# nova fishing locations



## sleepingpanda (Apr 17, 2008)

Im new to this site, and relatively new to fishing in general. But I was wondering if there were some good fishing locations, saltwater and/or freshwater within o like an hour or two of nova. 

Thanks


----------



## AtlantaKing (Jul 7, 2002)

Where in NoVA are ya? I'm over in Falls Church, myself. 

Right in town, there's the Potomac river, which has great shad fishing, once the run gets started. It's DC water, so you'll need a DC license. 

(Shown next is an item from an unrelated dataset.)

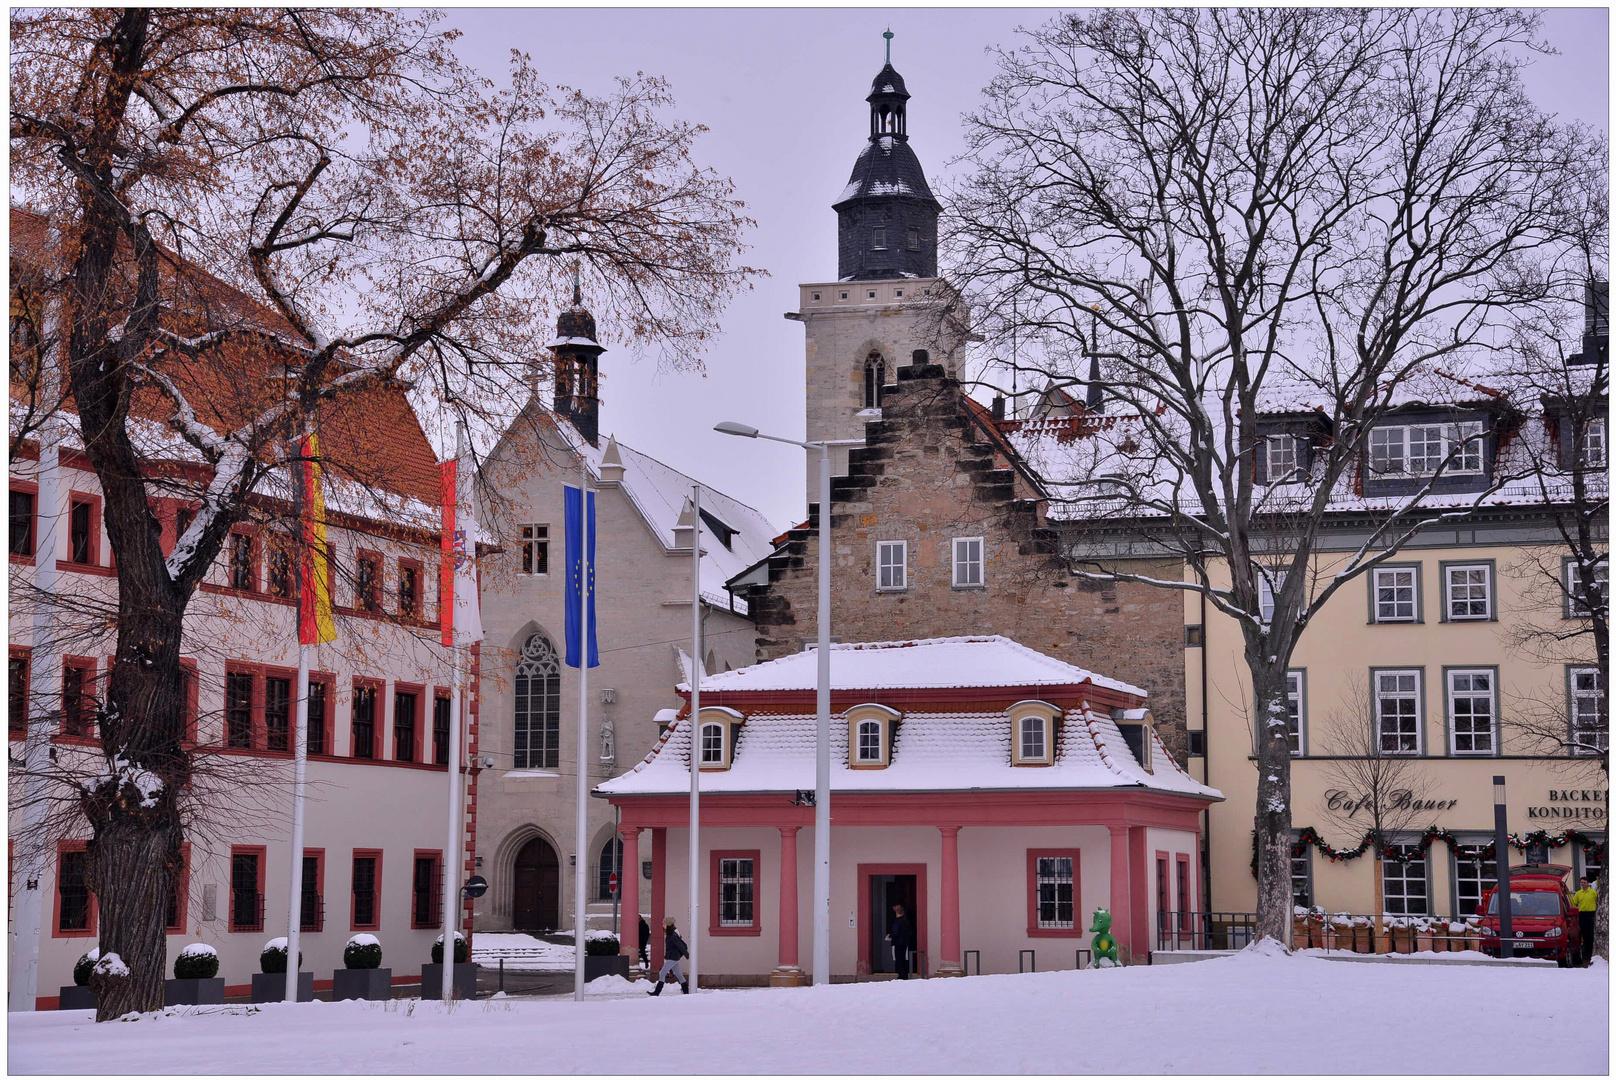 estar de visita en Erfurt, 4 (Besuch in Erfurt, 4)
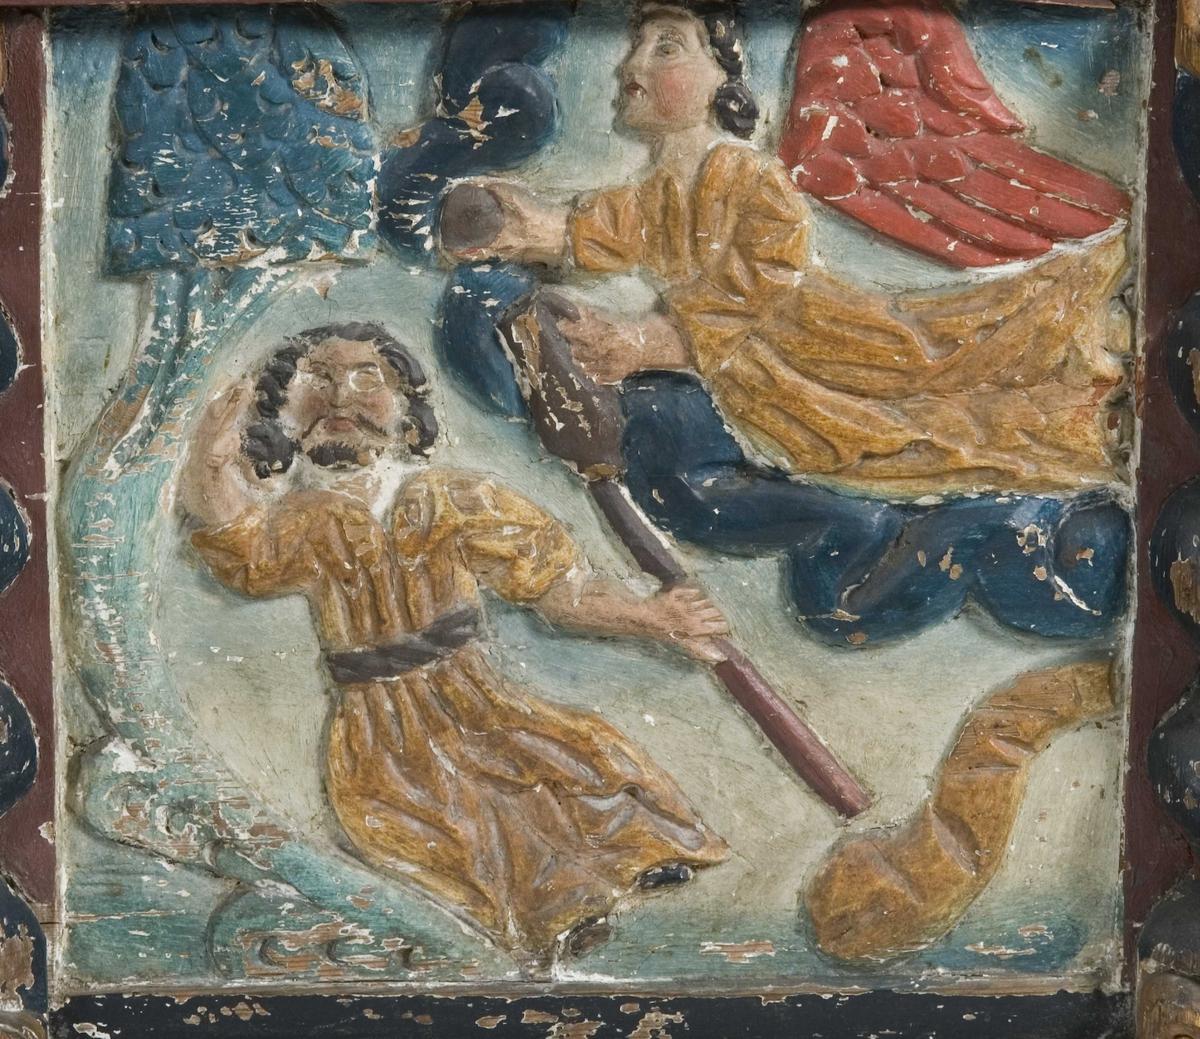 Kiste med svakt buet lokk og leddik. Bemalt innvendig med limfarge. Skåret motiv på front viser på fronten Elias og ravnene og Elias og engelen, på kortsidene David med harpen.

A bit further out (1 hour away), there's Sandy Point State Park which has good pre-season striper fishing. Don't go there this weekend unless you like fishing shoulder to shoulder with other people. 

There's also Point Lookout, in southern Maryland, about 80 minutes from NoVA


----------



## Fishbreath (Nov 11, 2004)

To add on to what AtlantaKing stated, take a look at the Coastal Explorer graphic to the right on the page. Click on it and you'll see lots of sites within an hour or two along with directions. Point and Click!


----------



## sleepingpanda (Apr 17, 2008)

thanks everyone, I'll check out the coastal explorer


----------



## Yazfish (Jan 14, 2008)

Now I'd get the $13 nonresident DC license and go to Fletcher's cove about 2 miles upstream from key bridge, they sell those there, and rent a rowboat for I believe $11 and fish for shad, white perch and maybe striped bass.

Pretty soon you could go downstream to the parks that are just up or just down from Reagan Airport. 

Also above Great Falls at Great Falls Maryland side, for this you need your nonresident Maryland license that expires Dec 31 no matter when you buy it.

Way up the Potomac is good also for smallmouth and other fish. Shenandoah last I heard has still not recovered from the mysterious fish kill, too bad, it used to be full of smallmouths.


----------



## blackcho7 (Apr 16, 2008)

Hello, I am a beginner fisher now. What bait would you guys recommend for fishing at Fletcher's cove?


----------



## AtlantaKing (Jul 7, 2002)

For the shad, try small shad darts, small spoons (like a 1/8oz Kastmaster) or crappie jigs. 

White perch will hit that too, but will also hit night crawlers or bloodworms. 

Stripers? Dunno. Never caught one there (yet) :redface:


----------



## blackcho7 (Apr 16, 2008)

Than you!!!

Hows the fishing been there lately? Im hoping to go out tomorrow for the first time.


----------



## e-mag (Jun 15, 2006)

perch head and herrings(big cutbait)=rockfish.


----------



## sleepingpanda (Apr 17, 2008)

thanks everyone! I'll try to head out to fletchers sometime soon, once the weather gets better


----------



## AtlantaKing (Jul 7, 2002)

The shad are in at Fletcher's. I fished from about 15:00-19:30 on Saturday from shore upstream of Fletcher's. The water was a bit stained and fairly high, but lots of activity. I caught about 12-15 hickory shad and a couple of perch throwing shad darts, shad spoons and crappie jigs. 

This last bout of rain will muddy up the water a bit, as well as raise the water level so the action will be halted temporarily. But, keep an eye out. As soon as it clears up, it'll be game on!


----------



## Kayakist (Jul 25, 2006)

How long will the shad run last?


----------